Ciao, Filippo! Certo, la netiquette suggerisce l’uso del ‘tu’, grazie mille. E grazie per questo tuo ulteriore commento.

Devo però fermarti subito, di nuovo: penso che tu abbia completamente frainteso le mie parole, ancora una volta. Tu dici che io voglia “screditare” un medico: ti sbagli, qualunque medico screditerebbe se stesso se partecipasse ad un evento per pubblicizzare teorie propagandate da un infermiere hameriano ed un ex-medico radiato dall’Ordine perché voleva curare le cistiti inserendo una medaglietta della Madonna nella vagina. Evento che pubblicizzava anche “corsi” del tutto a-scientifici.

C’è poi un altro problema di comprensione del testo: le teorie di Hamer NON sono “un cammino evolutivo dell’individuo”, NON sono un supporto psicologico alle cure scientifiche: sono un sistema completamente alternativo alla medicina scientifica (non a caso Hamer aveva ‘scomunicato’ quelli di ALBA che avevano virato verso questa interpretazione dopo il mio dossier, anche per proteggersi pubblicamente da un punto di vista legale). Se tu interpreti Hamer in maniera ‘spirituale’ è un tuo diritto, ma mostri di non aver letto ciò che scrive né di aver compreso la sua teoria.

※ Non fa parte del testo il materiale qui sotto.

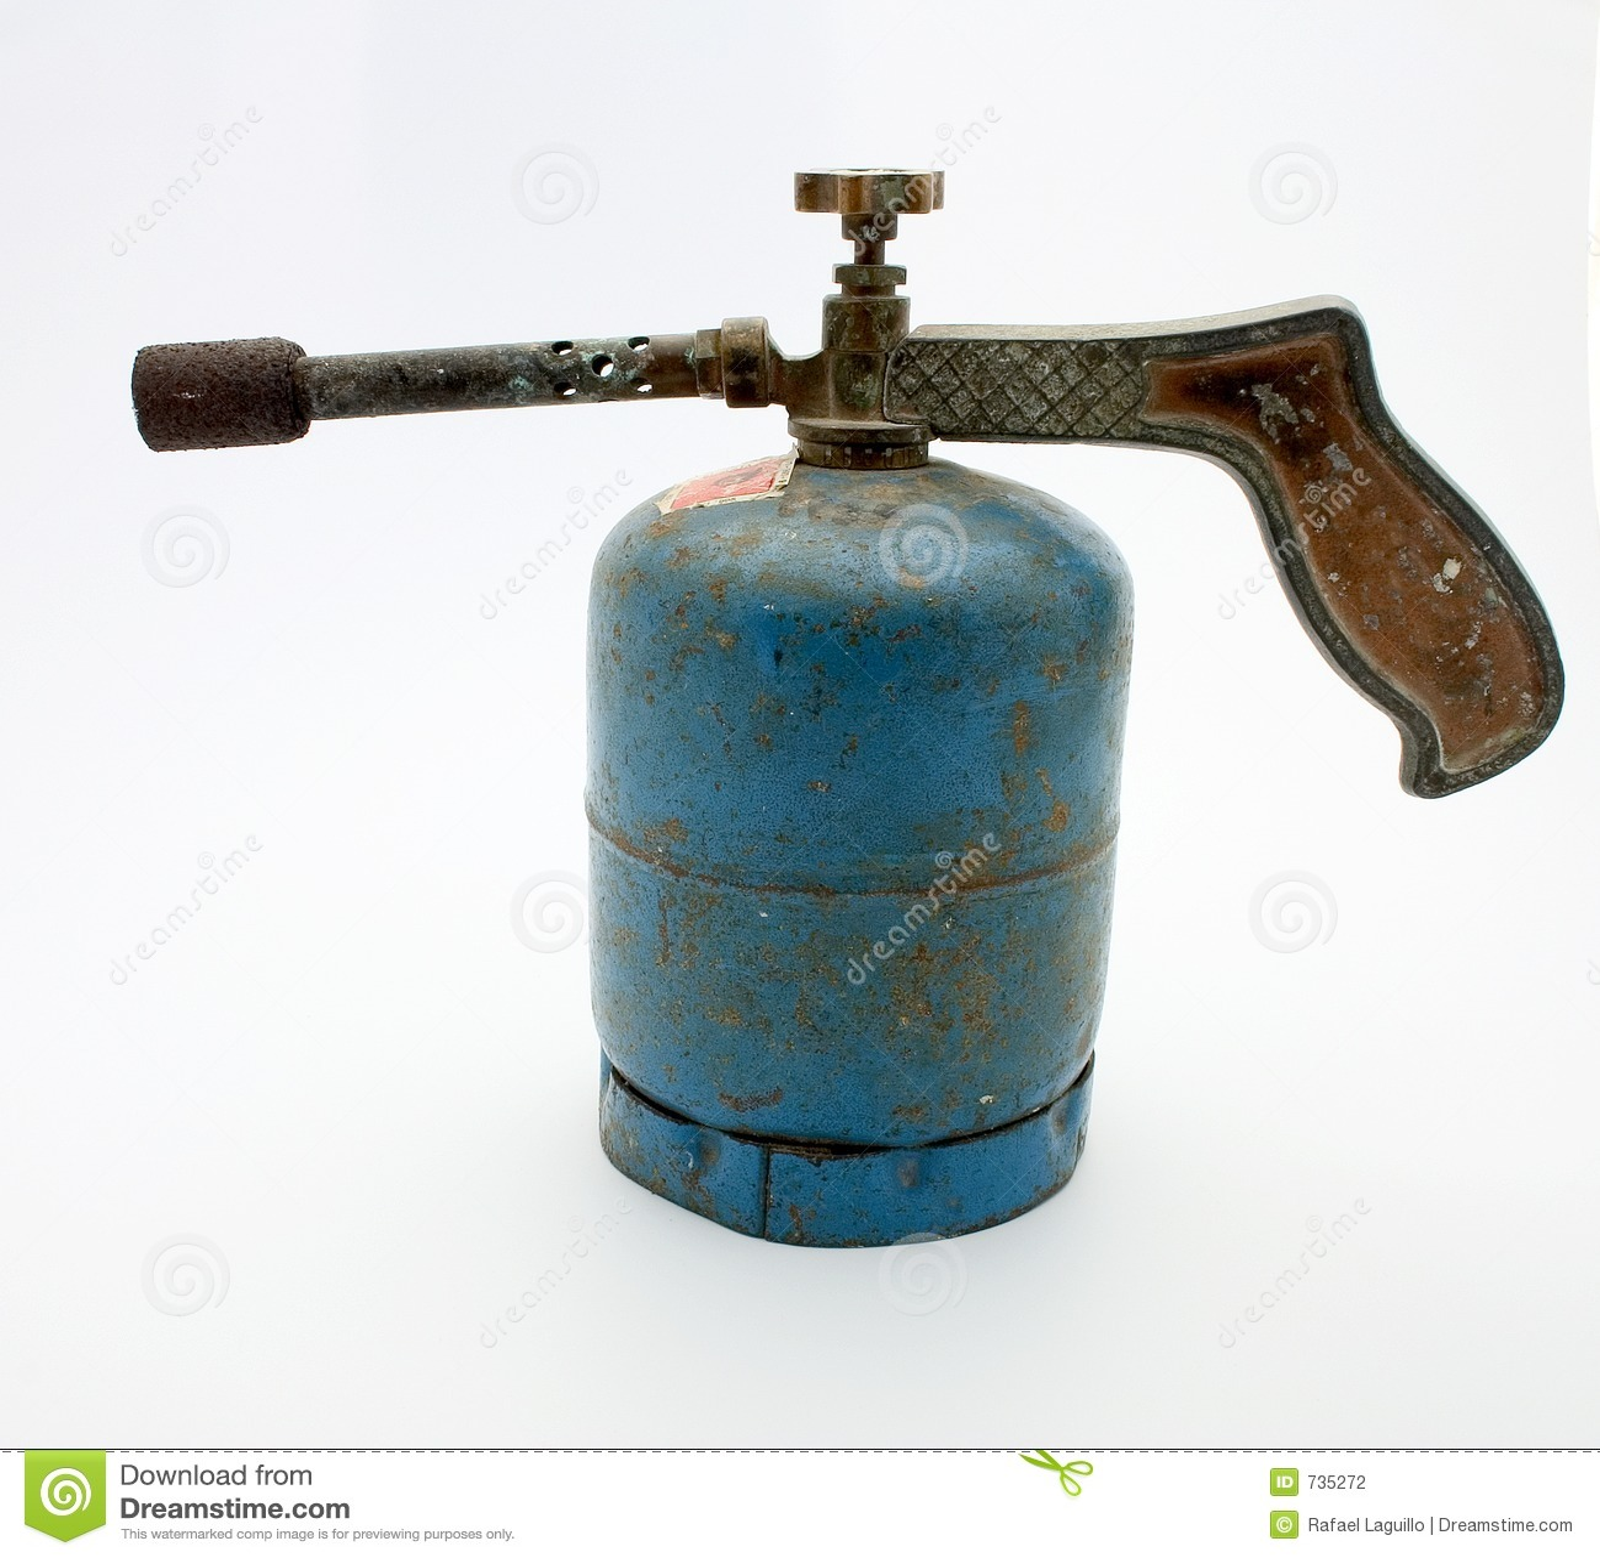 Torche de tuyauterie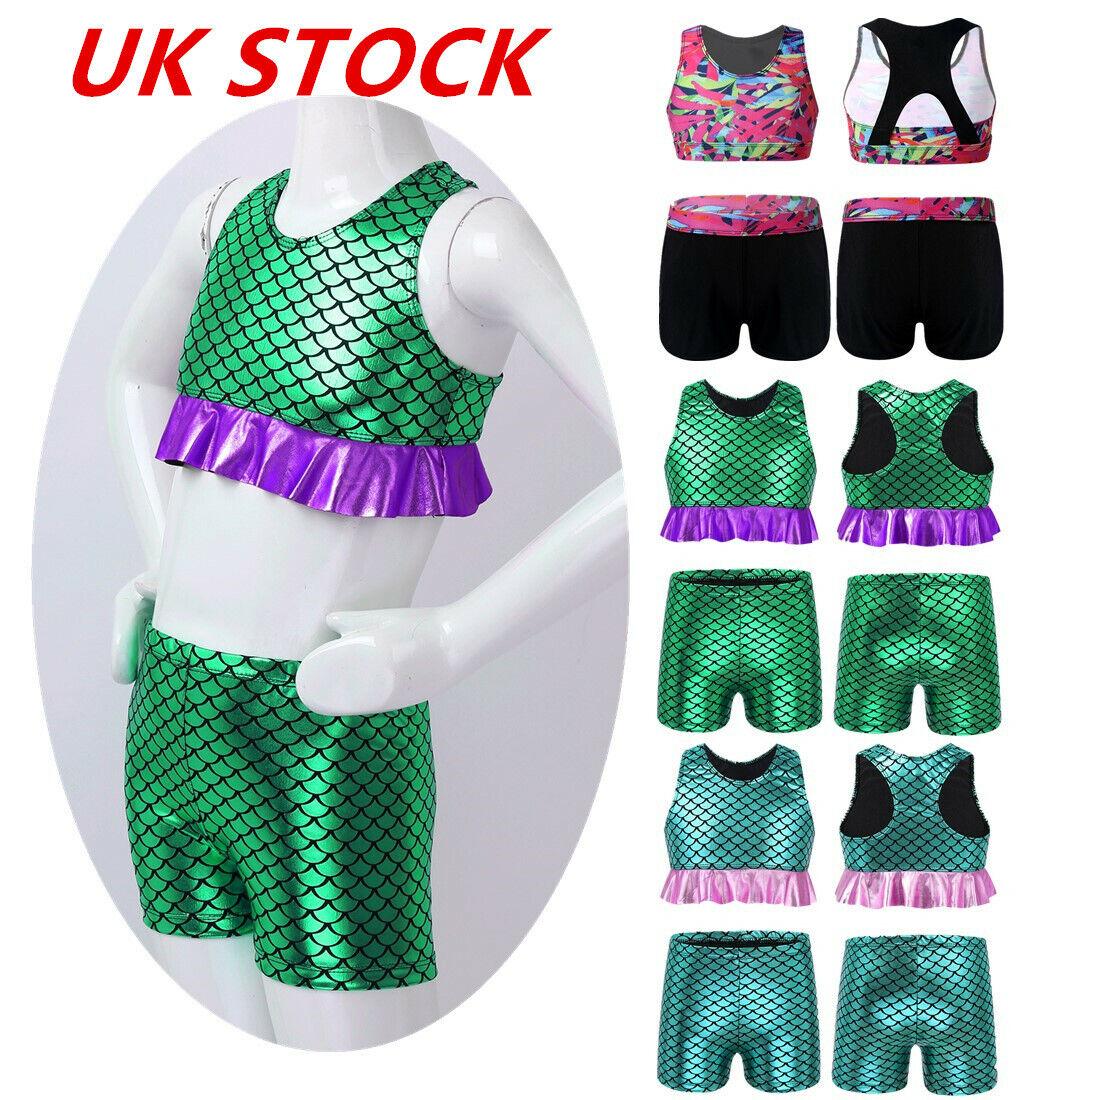 UK Kids Girls Dance Sports Outfit Gymnastics Crop Top Racer Back Shorts Costumes

Infine, ripeto che io non sono (né voglio essere) un giudice. I documenti di cui parlo sono lì, pubblici: non è colpa mia se Gay si fa ritrarre davanti ad uno “schema” hameriano, se in passato ha parlato in toni entusiastici di questa teoria mischiandola a “talenti” ed altre cose che non hanno alcuna rispondenza scientifica. Sta all’Ordine dei medici prendere provvedimenti, se lo vorrà. A me non resta che sottolineare, ancora una volta, le responsabilità di ognuno, anche dello stesso Ordine dei medici. Se vuoi un trattato scientifico devi chiederlo a Gay, non a me: io sono un giornalista, scrivo articoli. E Gay, a quanto mi risulta, non ha mai pubblicato nulla a sostegno delle sue teorie nei canali appropriati.

Grazie mille per la tua opinione, e spero di aver esaudito una volta per tutte le tue curiosità.